LDAP

General Information

Forward Enterprise supports two different types of LDAP server:

• Active Directory
• Other LDAP

LDAP accounts will be treated differently from LOCAL accounts:

• LDAP users cannot be created manually. Note that a user account will appear in the application after the user’s first successful login.
• The email address field is optional for LDAP users and will be undefined initially if not provided by the LDAP server.
• Username and password are read-only for LDAP users.

Configuration and Testing

1. Navigate to Settings --> Accounts --> External authentication and click on the Enable button in the LDAP section to enable LDAP authentication.

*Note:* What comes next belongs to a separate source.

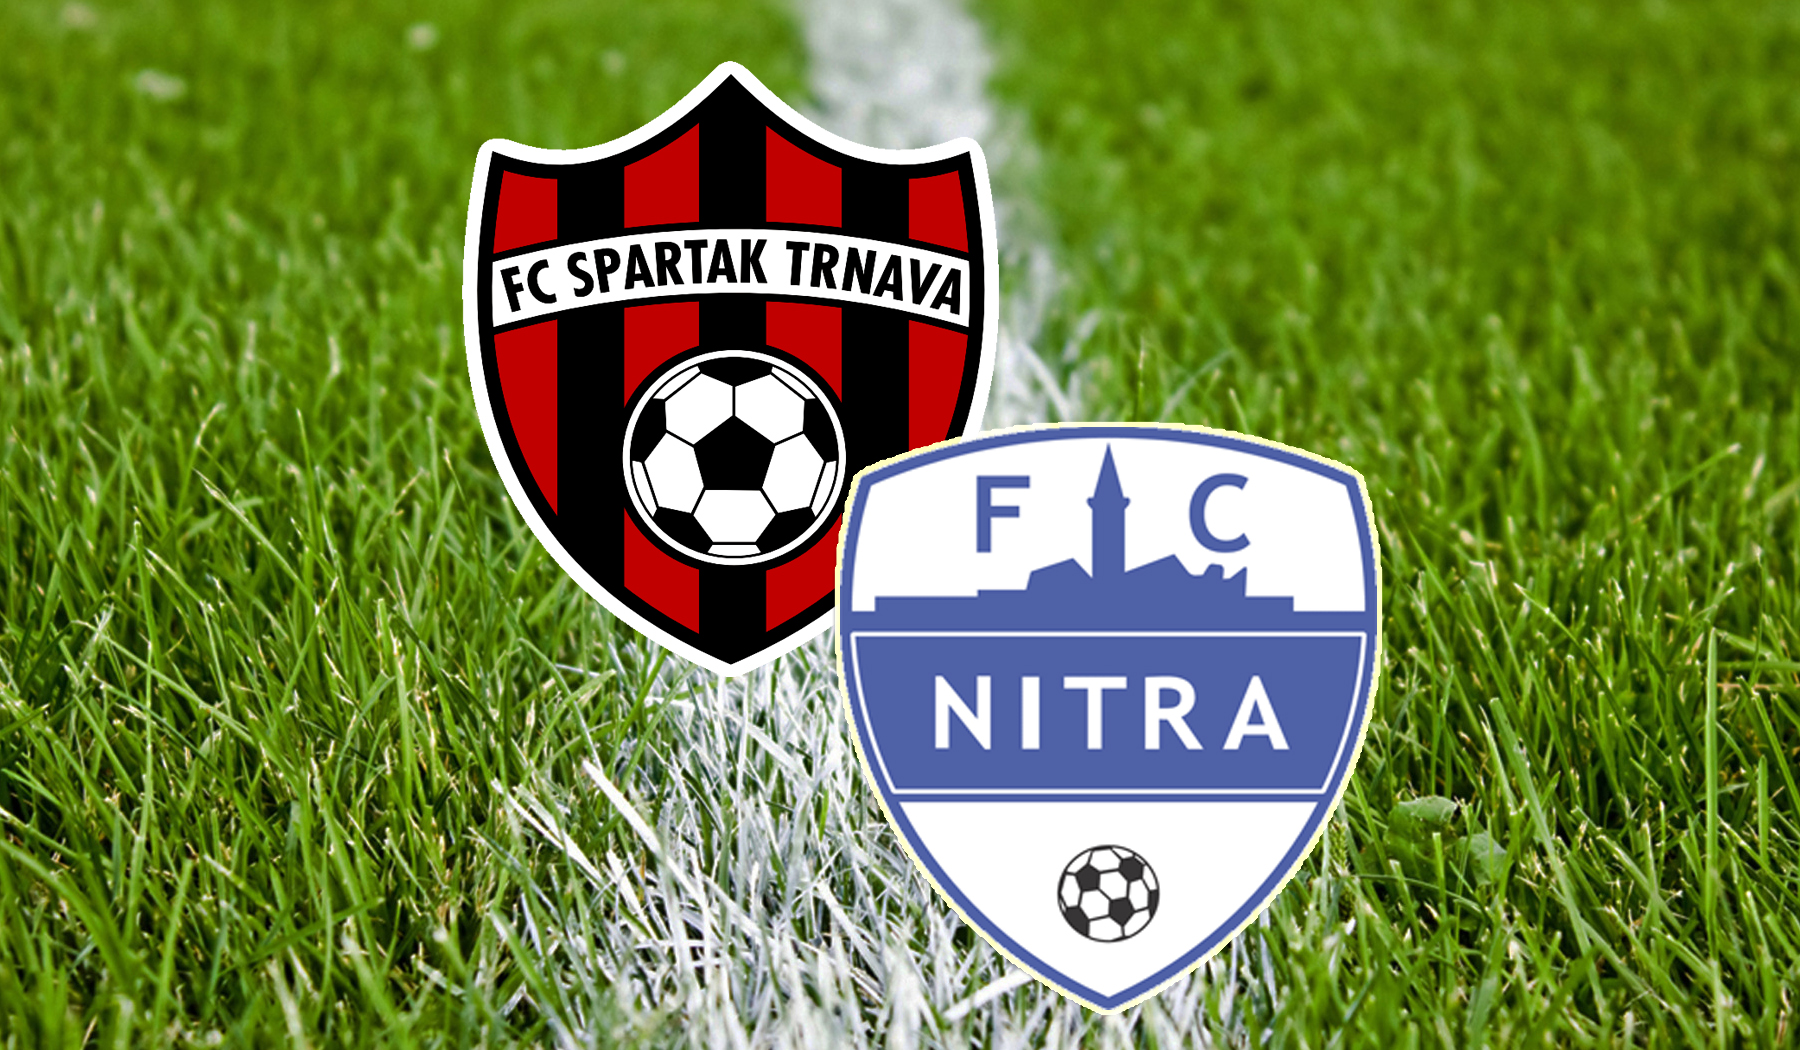 FC Spartak Trnava - FC Nitra

2. Select LDAP server type between Active Directory and Other LDAP

Active Directory Configuration

Configure each Active Directory server setting appropriately:

• Hostname or IP: The Active Directory server hostname or IP address to authenticate users to.
• Port (optional): The TCP port number that the Active Directory application is running on for the above-specified server. LDAP servers use port 389 for LDAP protocol and 636 for LDAPS protocol by default.
• Domain: The Active Directory Domain name.
• LDAPS: Optionally provide a TLS certificate in X509 format by enabling the Use LDAPS toggle button and providing the certificate in the TLS certificate section. The TLS certificate section can take a chain of certificates as well - that is, a chain in X509 format which is just a sequence of certificates back to back.
• BaseDN: The Active Directory base Distinguished Name.
• Accept any domain: When enabled, usernames with any domain suffixes will be allowed to try logging in. This allows users to log in even if their account (User Principal Name) has a different domain than the LDAP server.

Active Directory Testing

1. Test the connection with the Active Directory server by clicking on the Test connection button.

2. Test an Active Directory user by clicking on the Test user query button, provide Username, Password and click on Test. Optionally, provide Email attribute and/or select Accept any domain.

Other LDAP Configuration

Configure each LDAP server setting appropriately:

• Hostname or IP: The LDAP server hostname or IP address to authenticate users to.
• Port: The TCP port number that the LDAP application is running on for the above-specified server. LDAP servers use port 389 for LDAP protocol and 389 for LDAP+StartTLS protocol by default.
• StartTLS: Optionally provide a TLS certificate in X509 format by enabling the Use StartTLS toggle button and providing the certificate in the TLS certificate section. The TLS certificate section can take a chain of certificates as well - that is, a chain in X509 format which is just a sequence of certificates back to back.
• BaseDN: The LDAP base Distinguished Name.
• Bind DN (optional): The LDAP Bind Distinguished Name. A Bind DN is an object that you bind to inside LDAP to give you permissions to do whatever you're trying to do. Some LDAP instances don't allow anonymous binds, or don't allow certain operations to be conducted with anonymous binds, so you must specify a bind DN to obtain an identity to perform that operation.
• Password (optional): The LDAP Bind Distinguished Name password.

Other LDAP Testing

1. Test the connection with the LDAP server by clicking on the Test connection button.

2. Provide Username attribute, UserDN and, optionally, Email attribute in the Users section and then test an LDAP user query by clicking on the Test user query button.

3. Provide Name attribute, Member attribute and Group DN in the Groups section and then test an LDAP user query by clicking on the Test group query button.